Introduction, use cases, strategies, and policies to cache data

Introduction

Have you ever noticed if you are on a slow internet connection and browsing a website, the text is loaded before any high-quality image? However, in your subsequent visits to the same website, you will observe that page rendering occurs quickly. When you visit a brand new website, it takes more time to load than frequently visited sites like Facebook or Amazon. Do you know why this happens? The answer is Caching.

**Instagram page on a slow internet connection**

The above picture is how my Instagram page looks on a slow internet connection. As you can see, the text data is displayed whereas you can’t see the images as the page is still rendering.

It’s important to deliver the best experience to the user to improve retention and engagement. In today’s competitive world, businesses get impacted due to poor user experience. Imagine you are watching your favourite TV Series on any video streaming website, but the video keeps buffering.
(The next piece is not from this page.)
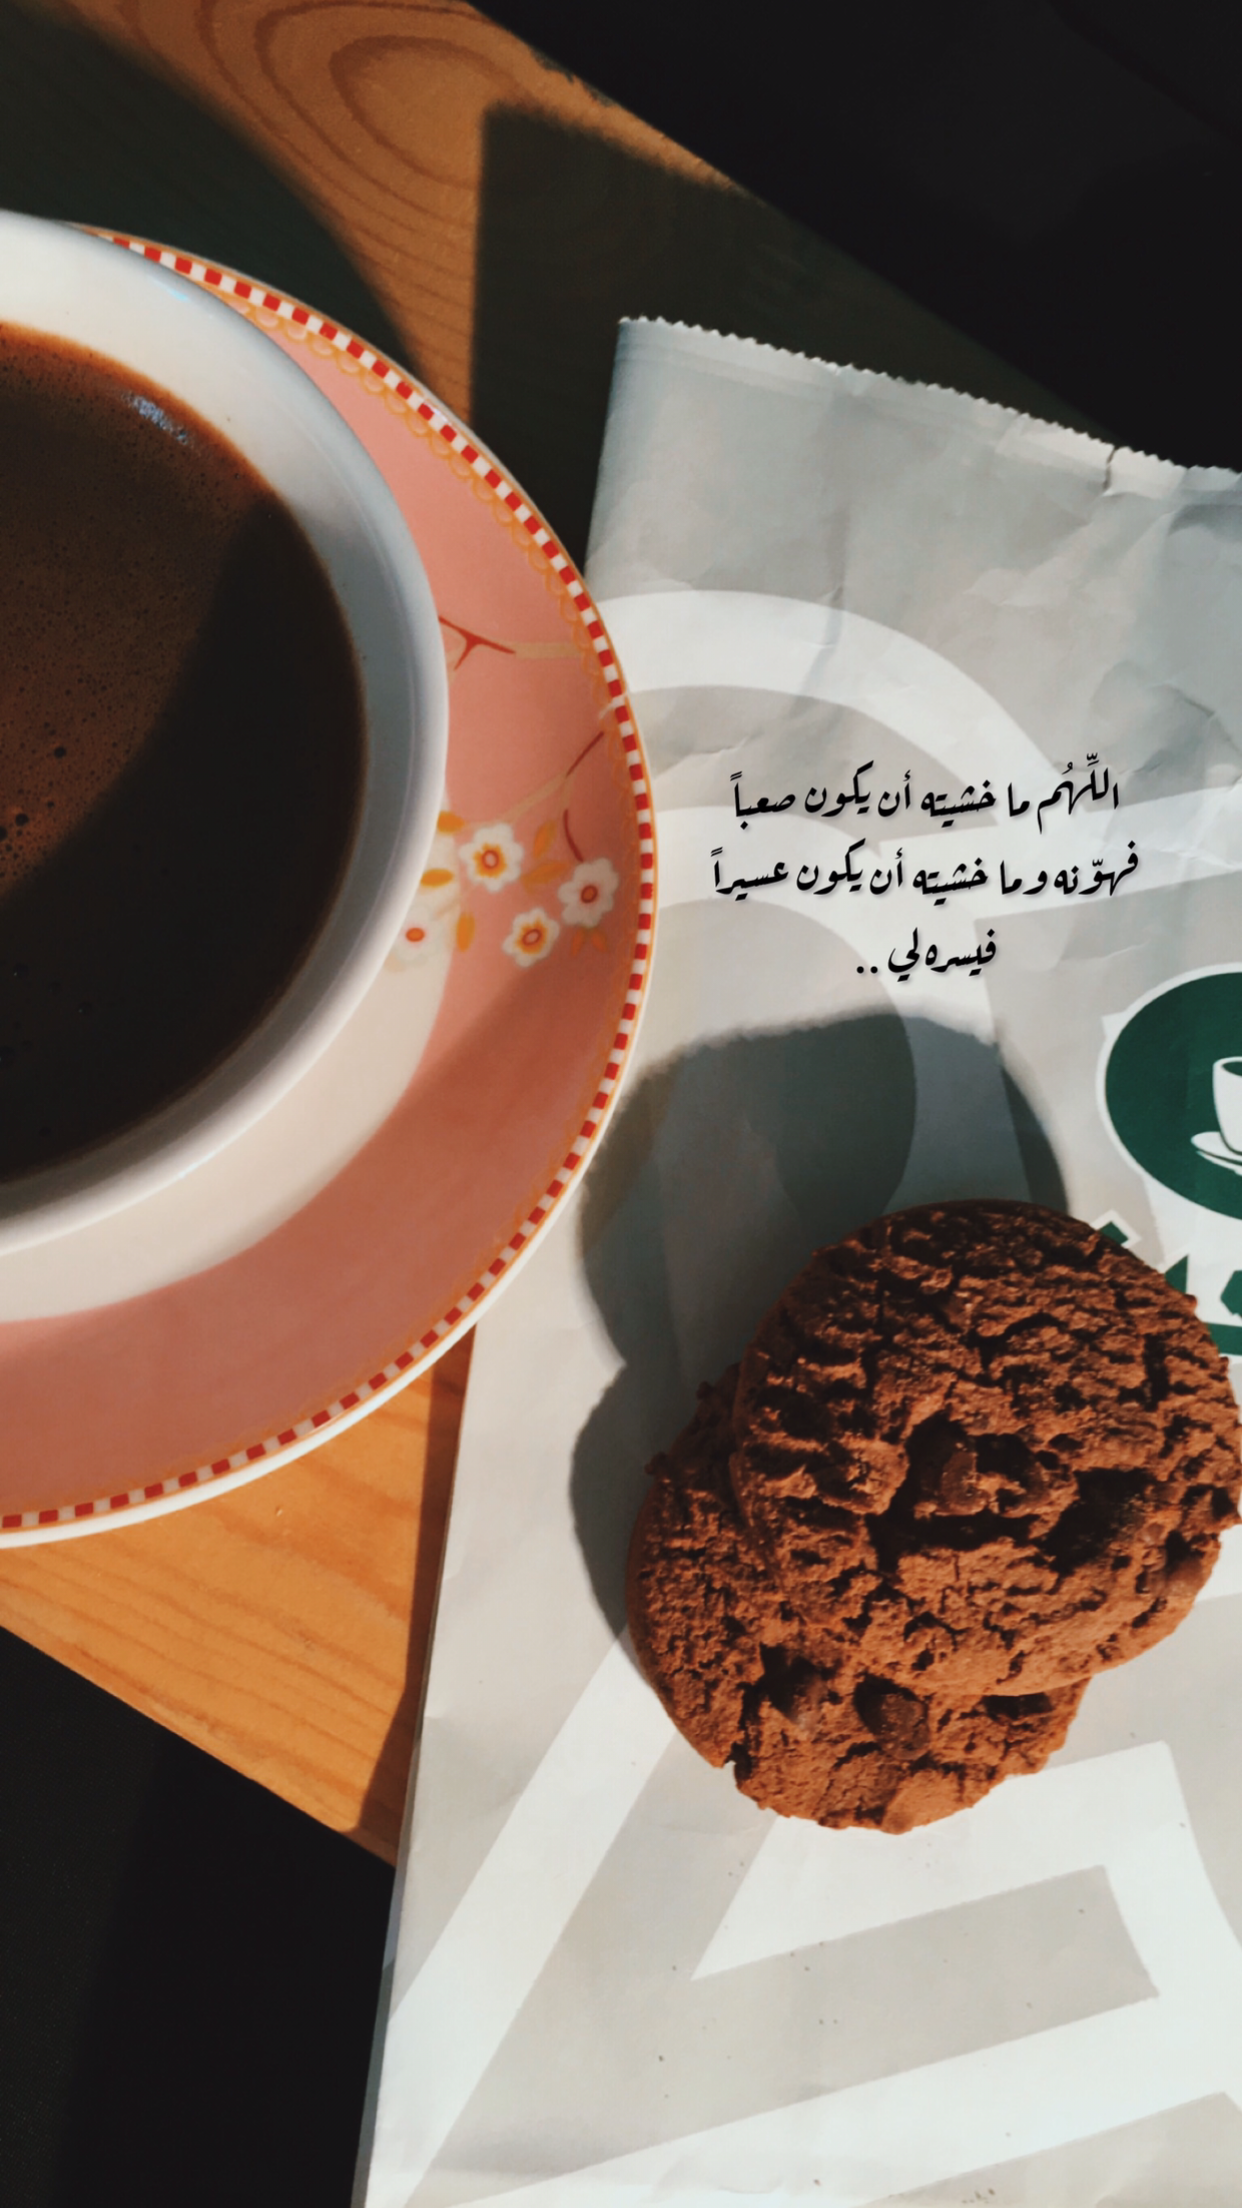 pin by شوق العتيبي on losh coffee box arabic love quotes
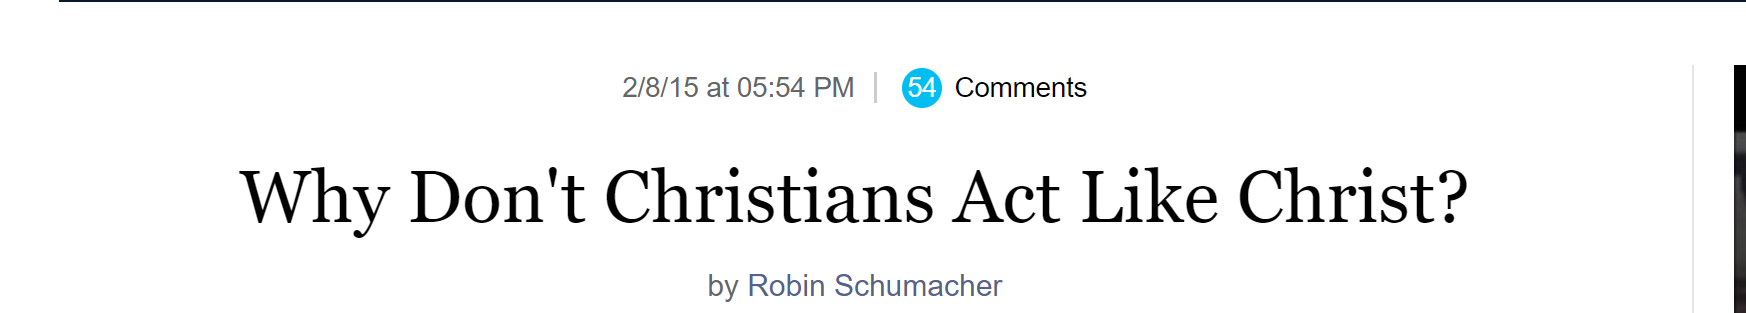 christlike headline1.png

Would you stick around and continue your subscription on such a website?

Caching works on the principle of ‘locality of reference’. The cache acts as a local store for the data to speed up the lookup or retrieval. The primary goal of a Cache is to reduce the read latency and amplify the throughput of any application. Let’s have a look at a real-world analogy in the next section.

Real-World Analogy of a Cache

Let’s say you cook dinner every day. You need different ingredients, vegetables, spices, etc for food preparation. But do you visit the super-market to purchase this every day? That would be way too cumbersome and time-consuming. So, you check your kitchen or refrigerator first in case you have piled up your grocery. That would avoid a tiresome visit to the supermarket.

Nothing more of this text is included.